**Task statement:** Print, in exact form, the lines below from the one containing "Weight: 3.5 grams" through the one containing "note we cannot", and omit all others.

**Supplied data:**
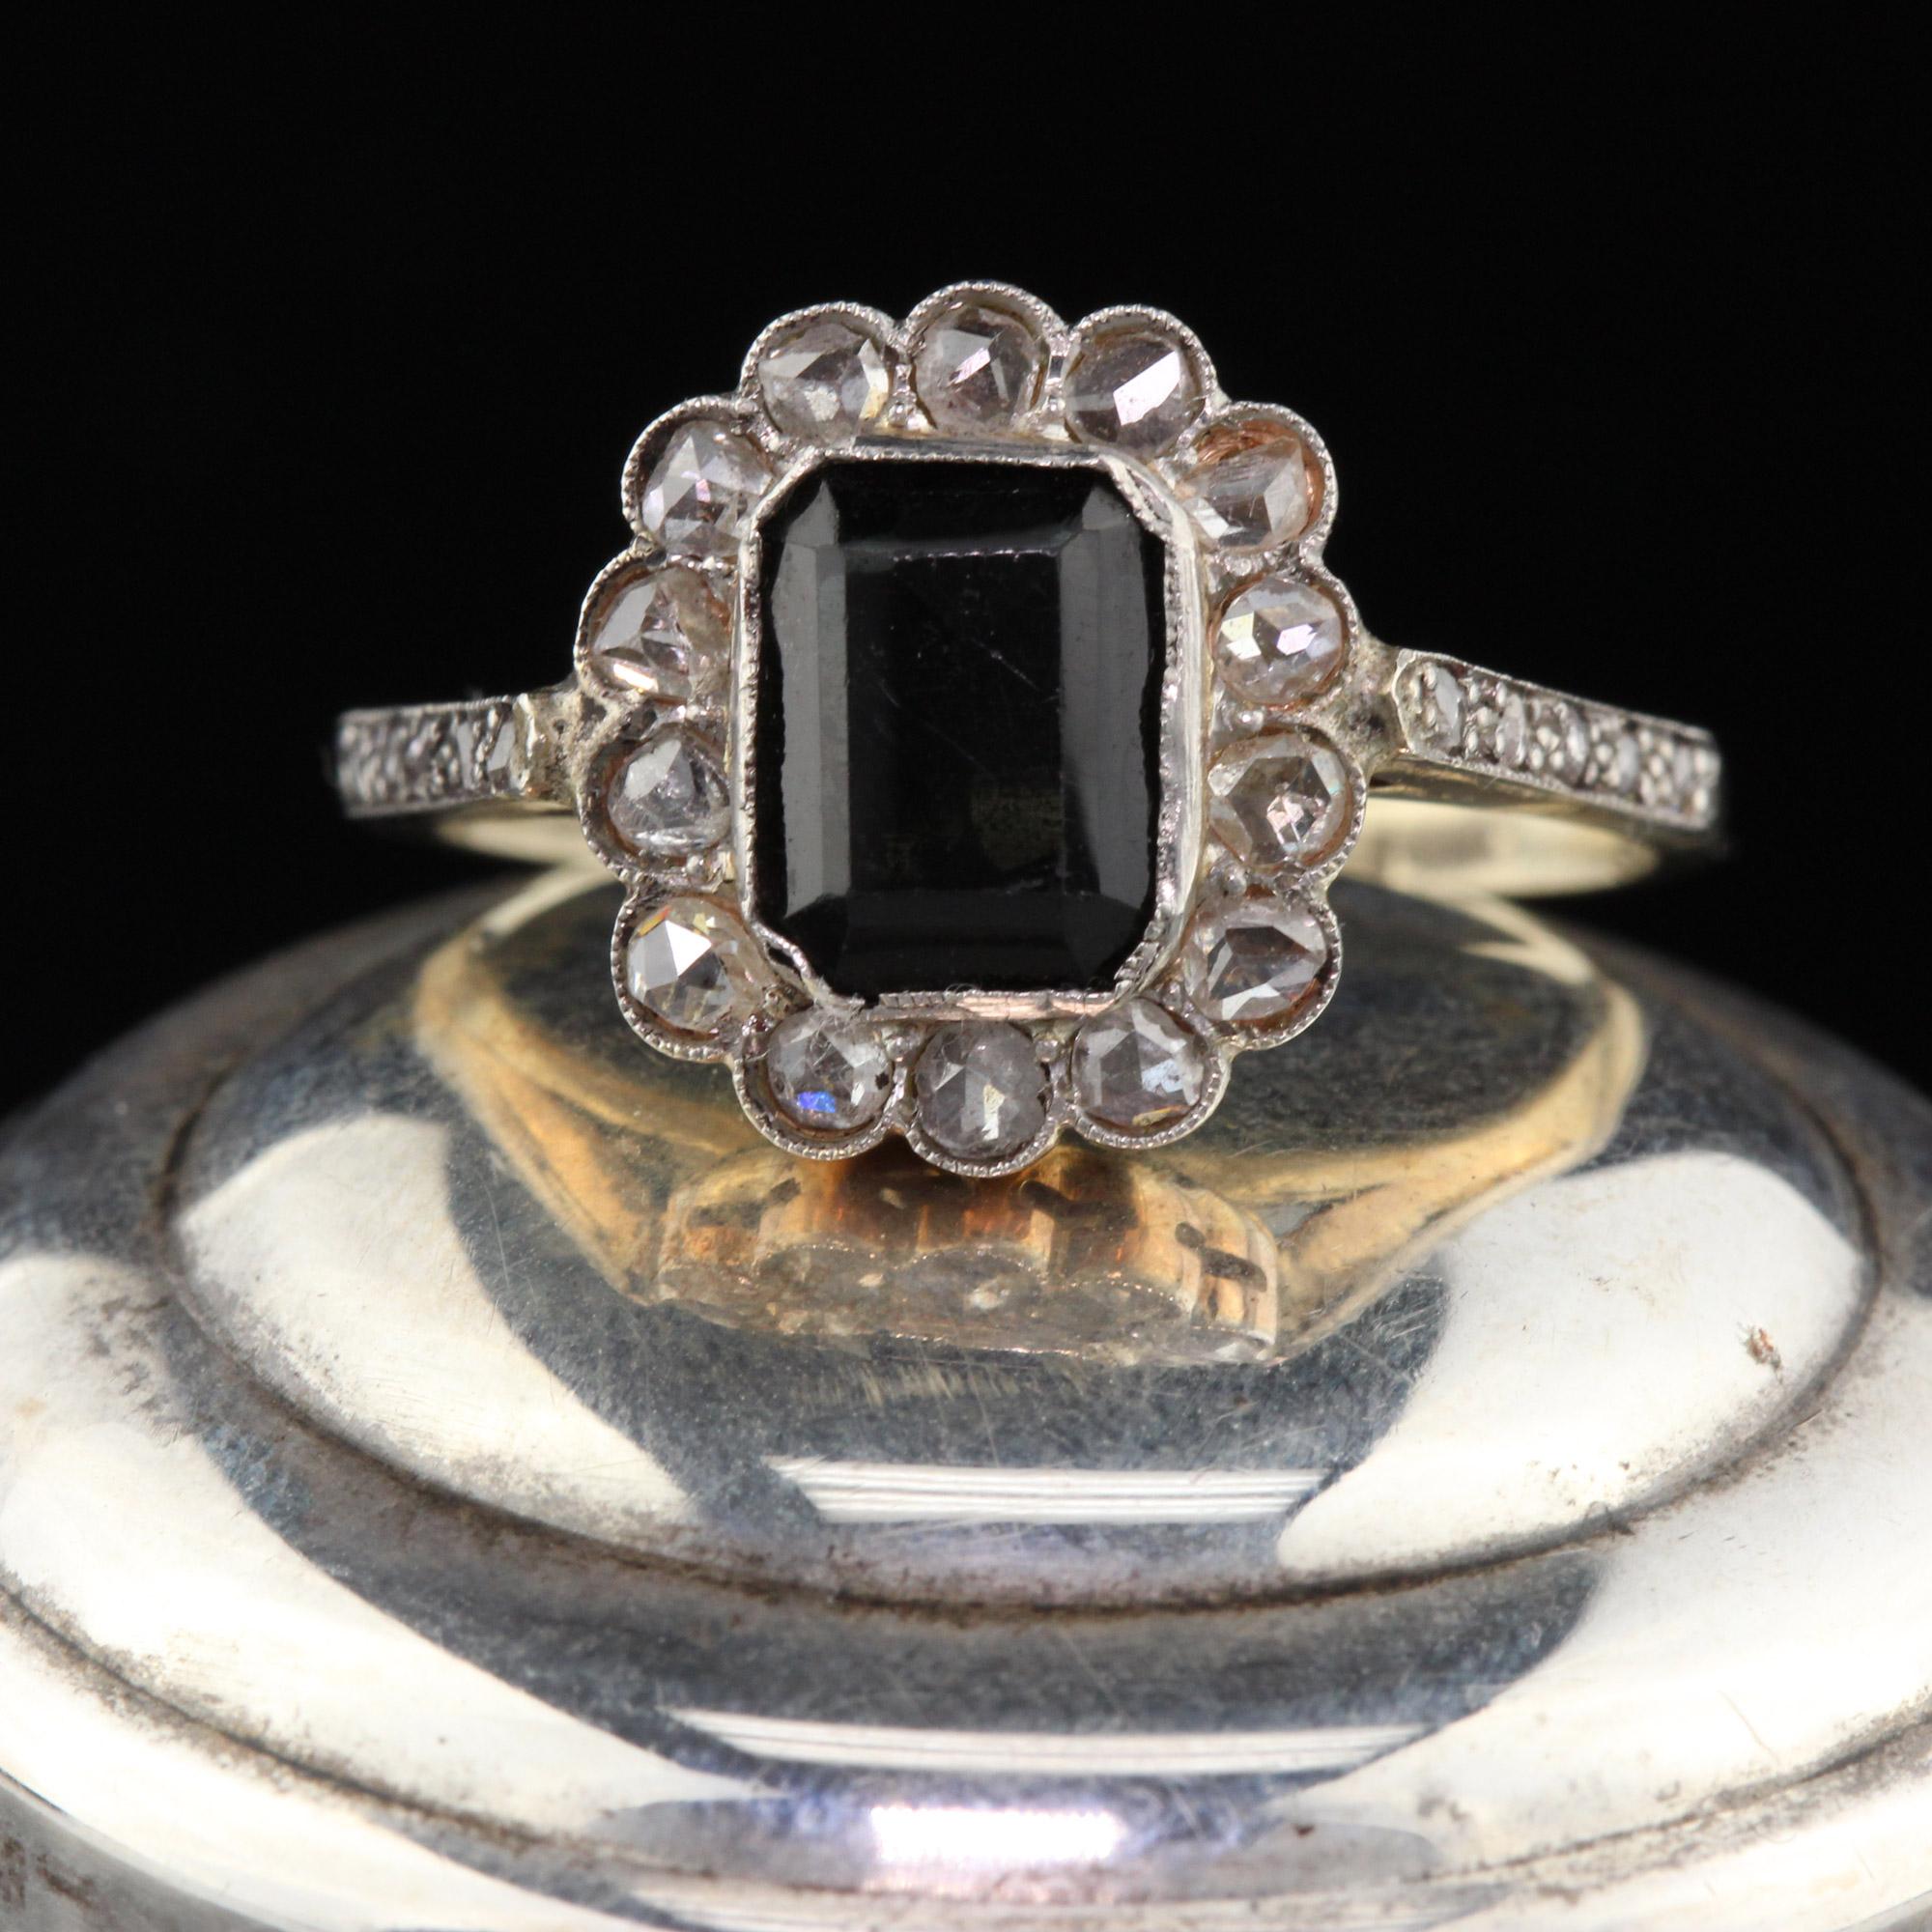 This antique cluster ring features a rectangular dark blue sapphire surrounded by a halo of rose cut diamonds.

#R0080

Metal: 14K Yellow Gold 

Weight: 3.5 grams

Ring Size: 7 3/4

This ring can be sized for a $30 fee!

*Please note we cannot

--

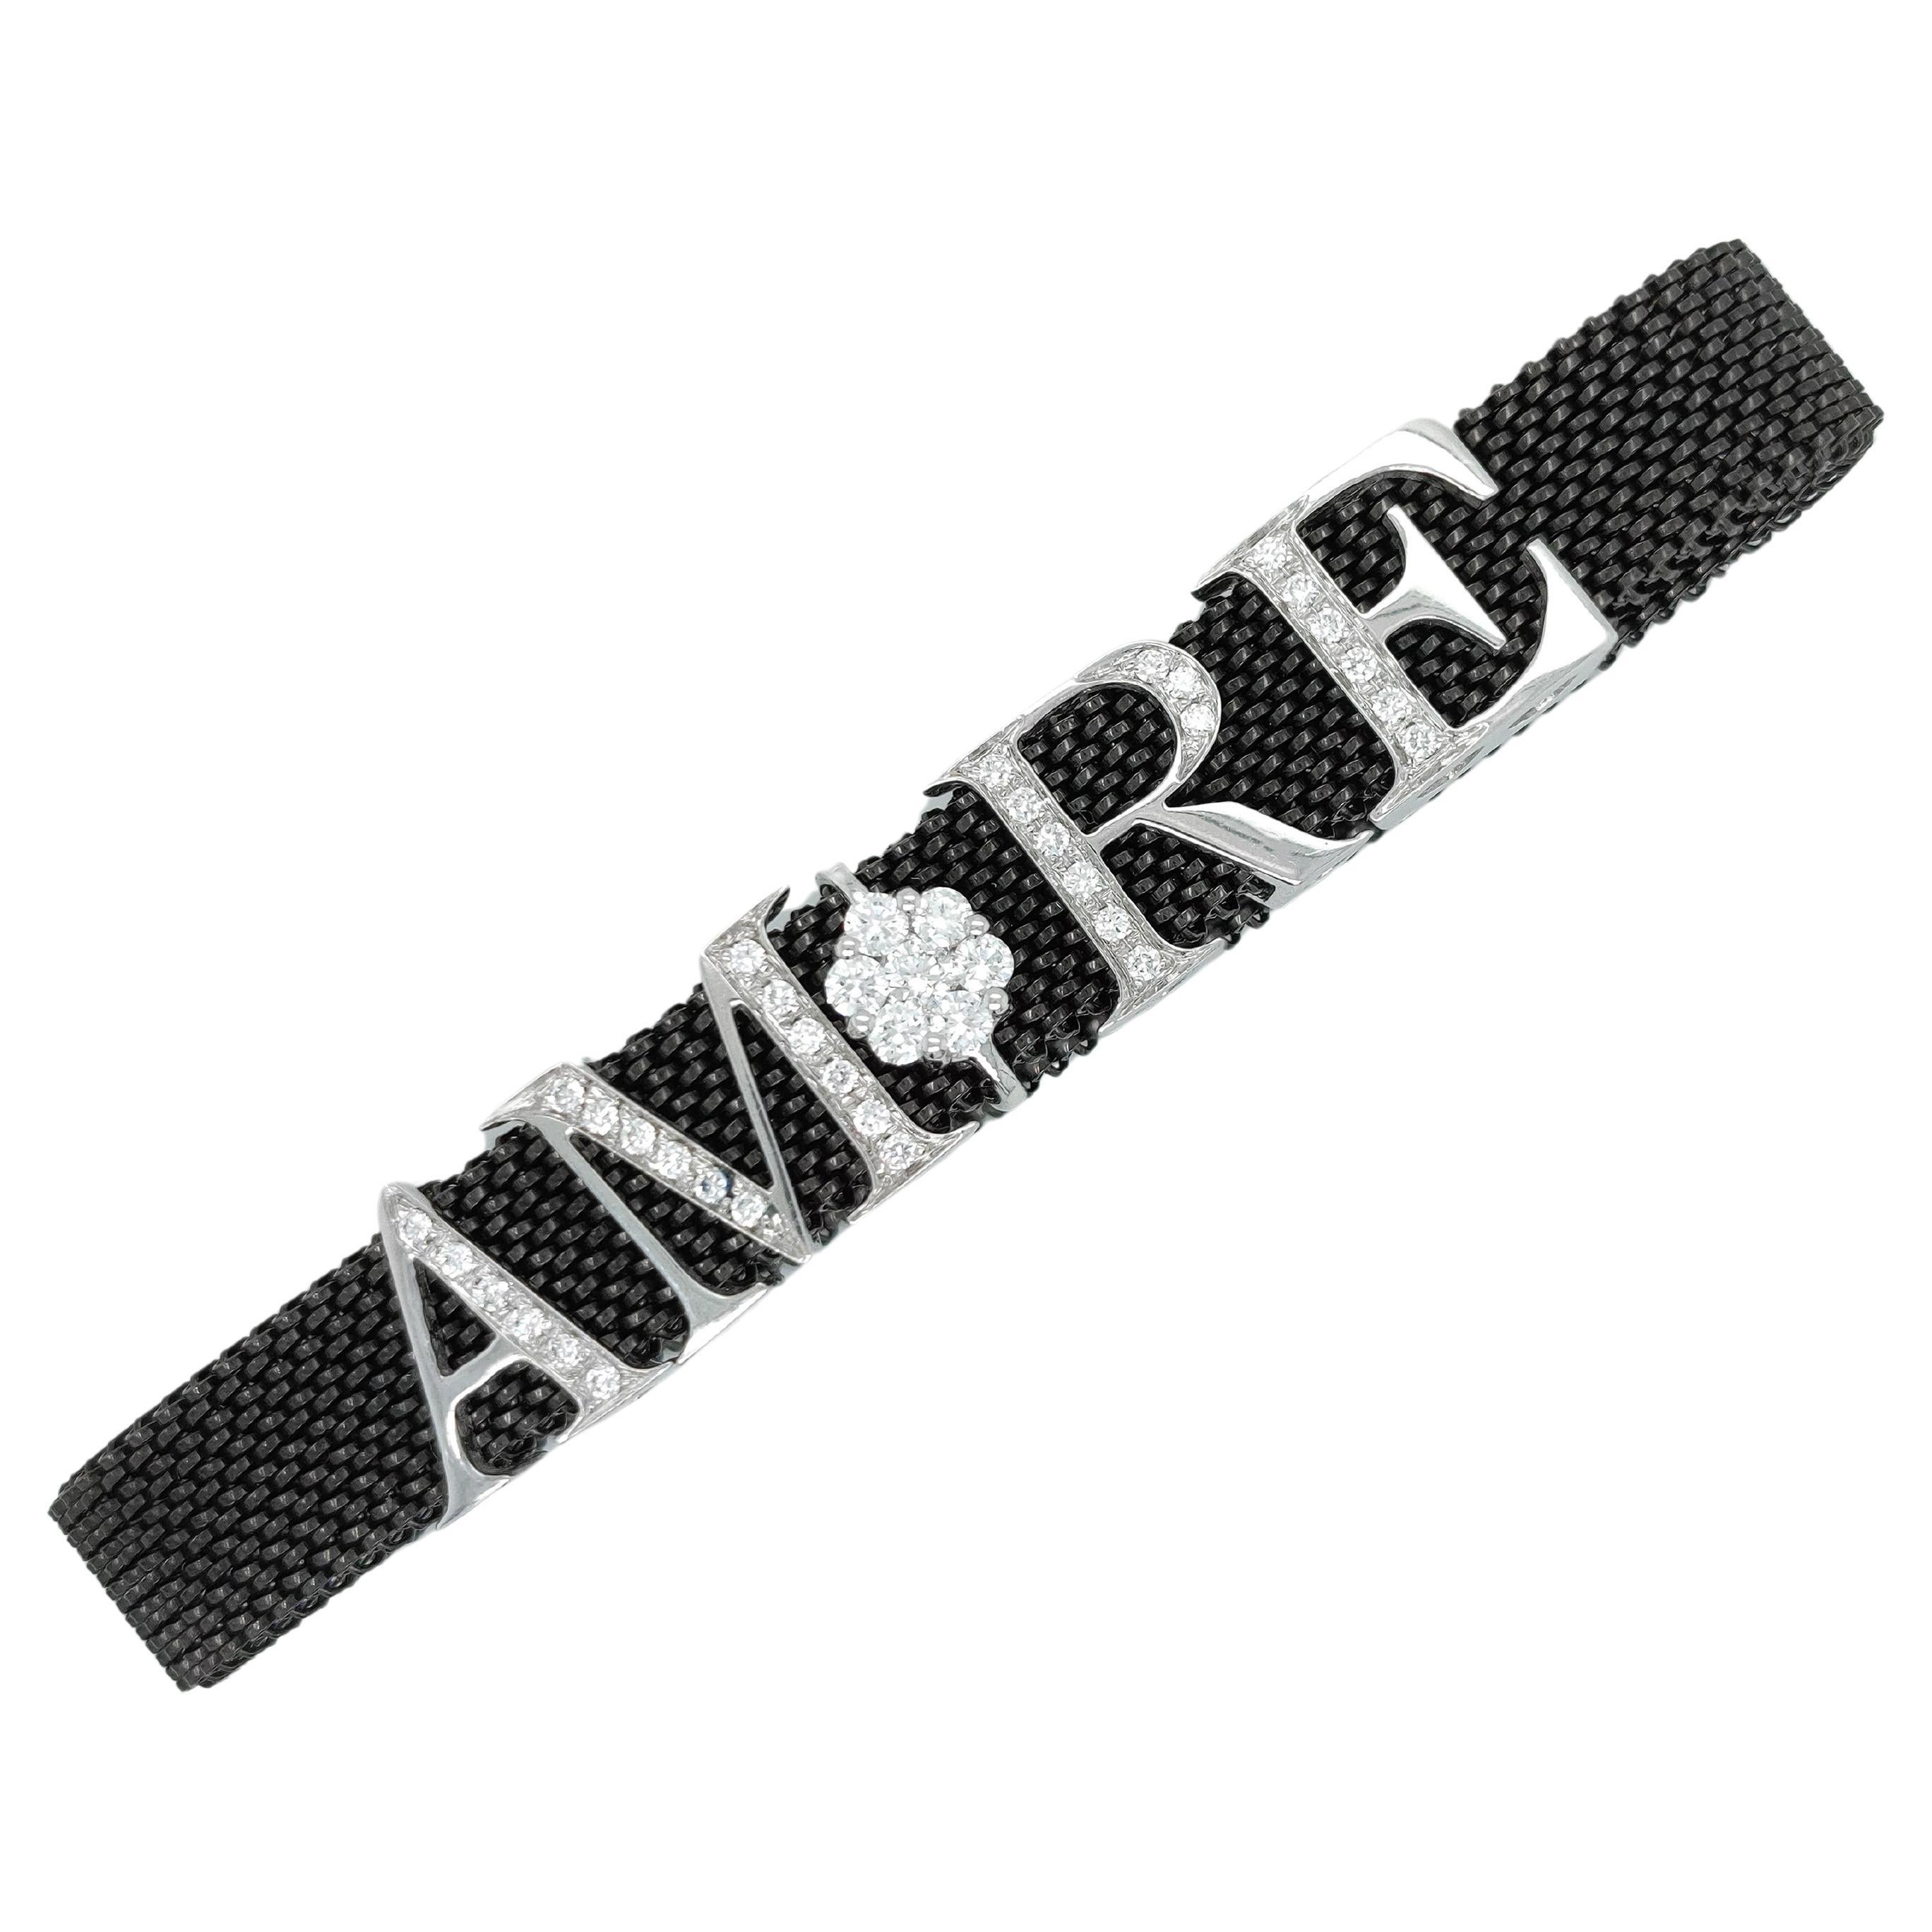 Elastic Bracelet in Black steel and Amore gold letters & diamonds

**Final answer:**
Weight: 3.5 grams

Ring Size: 7 3/4

This ring can be sized for a $30 fee!

*Please note we cannot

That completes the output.